For much of what follows, I seek a caveat from objections by Bang Galore and Rig Vedic. It is difficult to write coherently while keeping the differing versions of the linguists' war in mind, and this account is based on the older theories and narration.
The underlying grammatical form of Urdu is derived from a version of Prakrit. Pakistanis and Indians below the age of 40 are requested to skip the following two paragraphs.
The relationship between Prakrit and Sanskrit is often misunderstood and misrepresented; Prakrit is neither a descendant nor a derivative of Classical Sanskrit, the codified language that emerged after Panini's work with it. Prakrit existed even as Panini proceeded to codify the original Indo-Aryan which went back to a much older language, the language of the Rg Veda, which was cognate with Avestan.
Put simply, Prakrit is what people actually spoke, in Panini's time, while Sanskrit is the distilled version of the root language from which Prakrit had evolved. Prakrit more or less means natural, Sanskrit more or less means polished, indicating the degree of regimentation that each version suffered. Sanskrit was used in immaculate and unalterable form by the Brahmin orthodoxy, who imposed their own unitary version of orthodoxy using it. Prakrit, on the other hand, evolved from Old Indo-Aryan, the language of the Vedas; it was the common speech, clearly akin to the artificial Sanskrit that Panini reduced to its pure form from the available versions and usages, including usages of the original Old Indo-Aryan.
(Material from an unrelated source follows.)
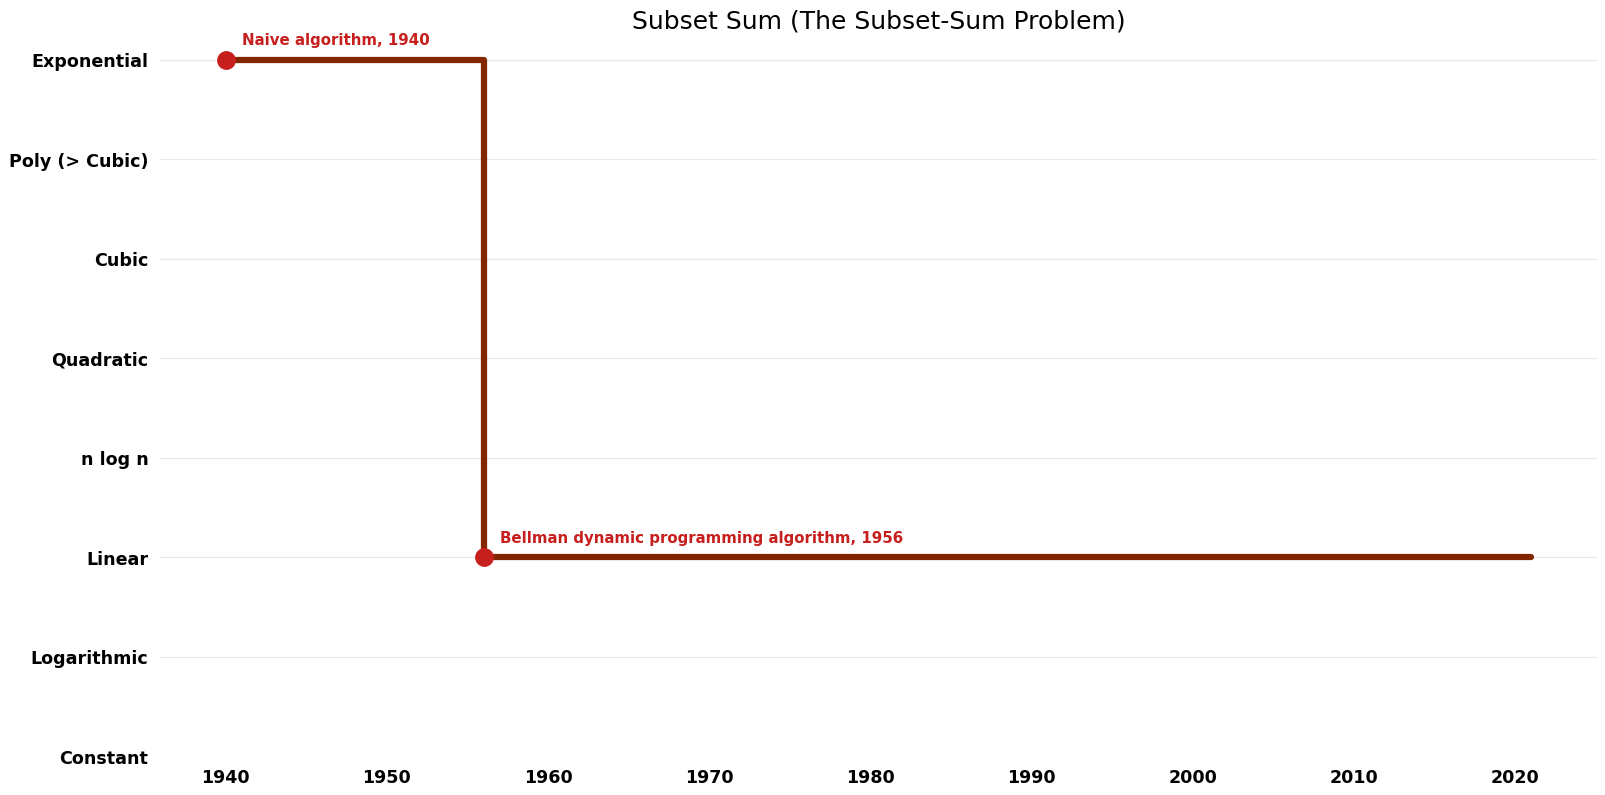 The Subset-Sum Problem - Subset Sum - Time.png
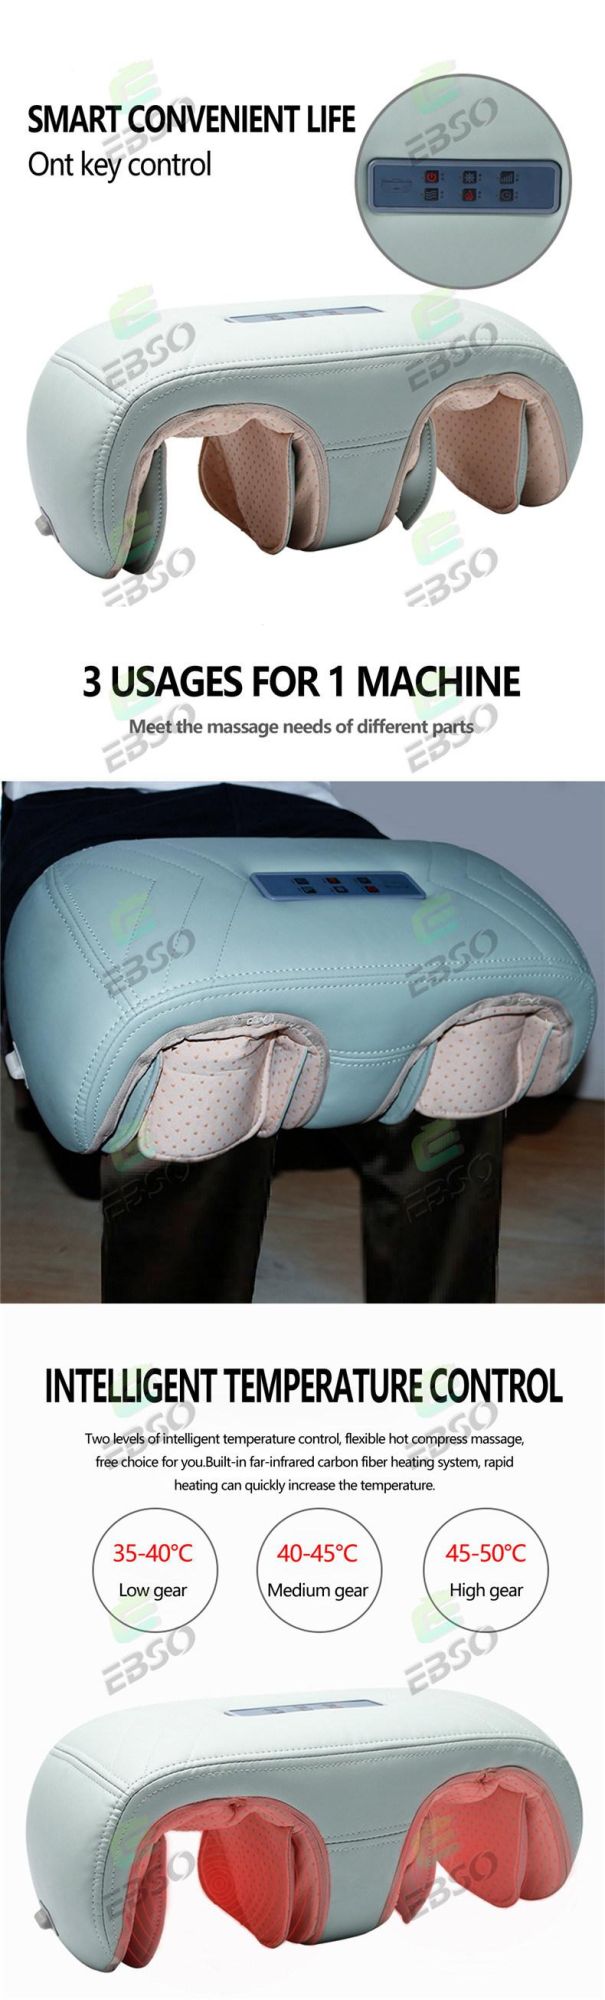 Heat Therapy Knee Physiotherapy Massager, Heated and Vibration Massage Knee and Joint Pain Relief Massager, Gift for Mom Dad

Panini's Sanskrit actually removed certain forms and uses that are to be found in Old Indo-Aryan, and is therefore in some ways a distillation of the older language to a theoretically stricter form, but an historically anachronistic one - no such thing as Classical Sanskrit was spoken by the people who composed the Vedas, it was the theoretically purified version of their speech.
Urdu uses only the grammar of this 'Prakrit', the rules that determine how sentences are composed, where the verb goes, how other parts of speech connect to it and are themselves modified, and so on. This grammar is not Sanskrit grammar, but is the grammar common to all languages derived from this middle language, Sauraseni Prakrit.
On that grammatical skeleton, a speaker may string whatever nouns and adjectives and adverbs strike his or her fancy, and a few unusual verbs as well, though verbs tend to be the original Prakrit verbs, by and large.
There is nothing called a pure Urdu, any more than there can be something called a perfectly dry wine. There can be highly Sanskritised (not Prakritised) Urdu at one end, which is nothing but Hindi, or an extremely exotic version with no nouns of Sanskrit origin whatsoever, which some might fancy represents their ideal of Urdu. That is a subjective opinion, and might well be true, but has no connection with grammar or linguistics.